Despite increased HAND research and treatment efforts, the persistent prevalence of HAND continues to pose a great challenge to the HIV research and patient communities. Investigation in this area is limited by small sample sizes, primarily due to difficulty in obtaining tissue samples, and by variation in study protocols and result interpretation. Furthermore, errors and inconsistency in HIV genotyping compound the complexity in delineating viral mechanisms toward neuropathology. The HAND Database described here serves to narrow these research gaps and addresses the need for a reliable and centralized HAND data source for advanced research purposes.

The HAND database contains up-to-date and well-curated HAND virus and patient information. All sequence data have been subject to stringent quality control examination and re-genotyping, thereby laying a solid foundation toward elucidation of viral mechanisms driving neuropathology under various epidemiology settings.

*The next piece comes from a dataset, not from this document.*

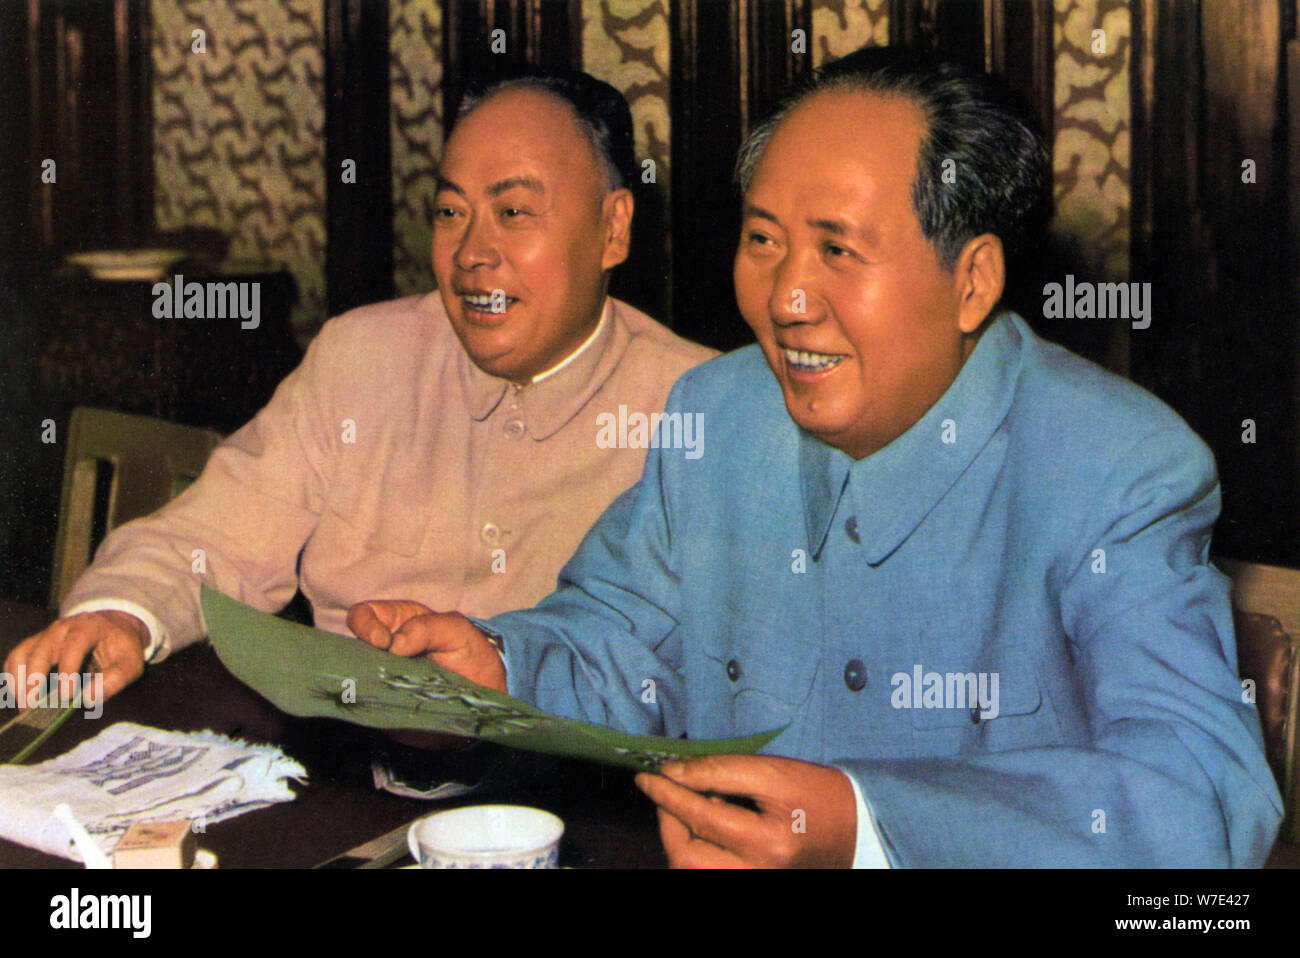 Mao Zedong et Chen Yi, les dirigeants communistes chinois, c1960s( ?). Artiste : Inconnu Banque D'Images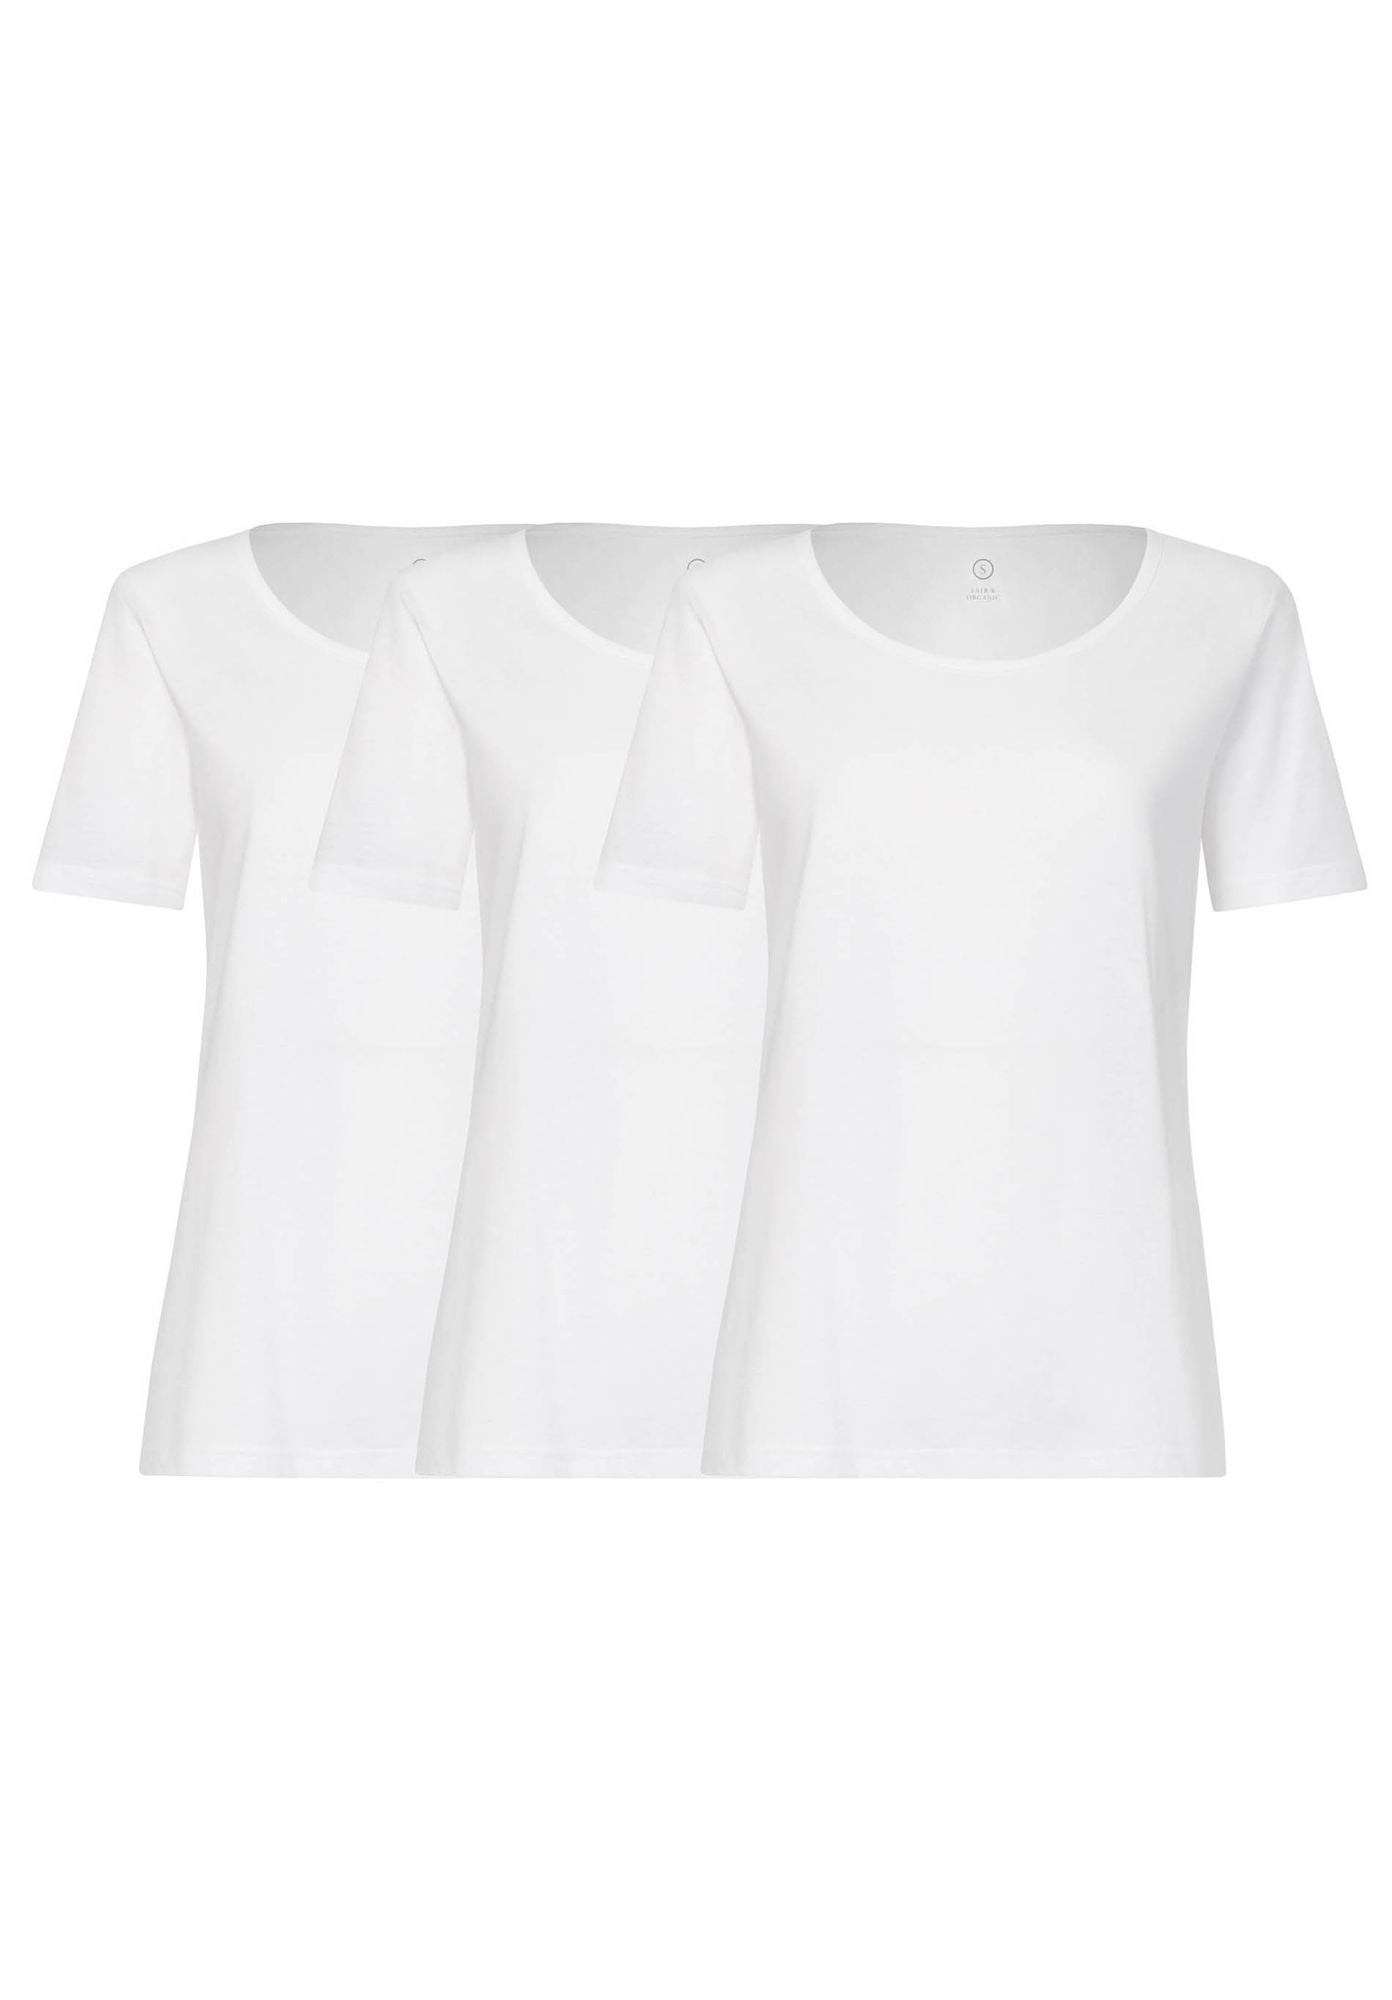 3 Pack BTD64 T-Shirt White

In creating this resource we noted a number of sequencing and sampling biases that currently limit research in the area, and have developed a set of potential research directions that may greatly benefit the HAND research community. First, although prior studies have indicated the role of multiple HIV proteins, including Nef, Vpr, and Tat [2229], toward HAND development, the majority of research in the area has focused on the gp120 envelope glycoprotein. This sequencing bias is largely due to interest in Env for its role in conferring viral tropism for microglia and macrophage cells [3033], its role in non-neuronal cell replication [34], and for its potential as an HIV therapeutic target [35]. A shortage of sequence data beyond the env gene, however, limits our ability to perform data-driven HAND research on the complete viral genome, and therefore an increase in sequencing efforts in other areas of the genome would provide insight into the role of regulatory and accessory proteins toward HAND pathogenesis. Second, there is a distinct lack of sequence data from HIV epidemiologically important regions including many Asian and Sub-Saharan African countries (Fig. 5). Limited access to HAART contributes to an increased vulnerability of HIV individuals in these geographical regions to the most severe forms of HAND. Recent studies indicate HIV-associated dementia (HAD) affects over 25 % of HIV individuals in several Sub-Saharan African countries [3638]. In addition, research on treatment-naïve HIV-1-individuals in Thailand has greatly contributed to our understanding of HAND pathogenesis [39]. Finally, we noted a bias toward sequencing of male individuals. Research beyond the HIV field has implicated gender as playing a role in determining those genetic processes leading to neurocognitive deficiencies [40, 41]. A lack of information on HAND females, however, currently proves an obstacle in determining potential gender differences in HAND pathogenesis.

Conclusions

Developing a better understanding of mechanisms underlying the development of neurocognitive disorders is crucial toward providing the HIV patient community with a higher quality of life, and toward prevention of enhanced transmission. Through consolidation and validation of data from multiple data sources, here we have developed the HAND Database, a single, intuitive platform from which researchers can launch their high-throughput HAND sequencing projects. The HAND database contains up-to-date and curated HAND HIV virus and HIV-infected individual information, providing a solid foundation toward the elucidation of viral mechanisms driving this neuropathology. In particular, we anticipate this database will be of great use in increasing HAND research efforts in resource-limited countries. We plan to continue expanding the HAND Database as new HAND viral sequence data become publically available.

Availability and requirements

All records are freely available and accessible at www.handdatabase.org.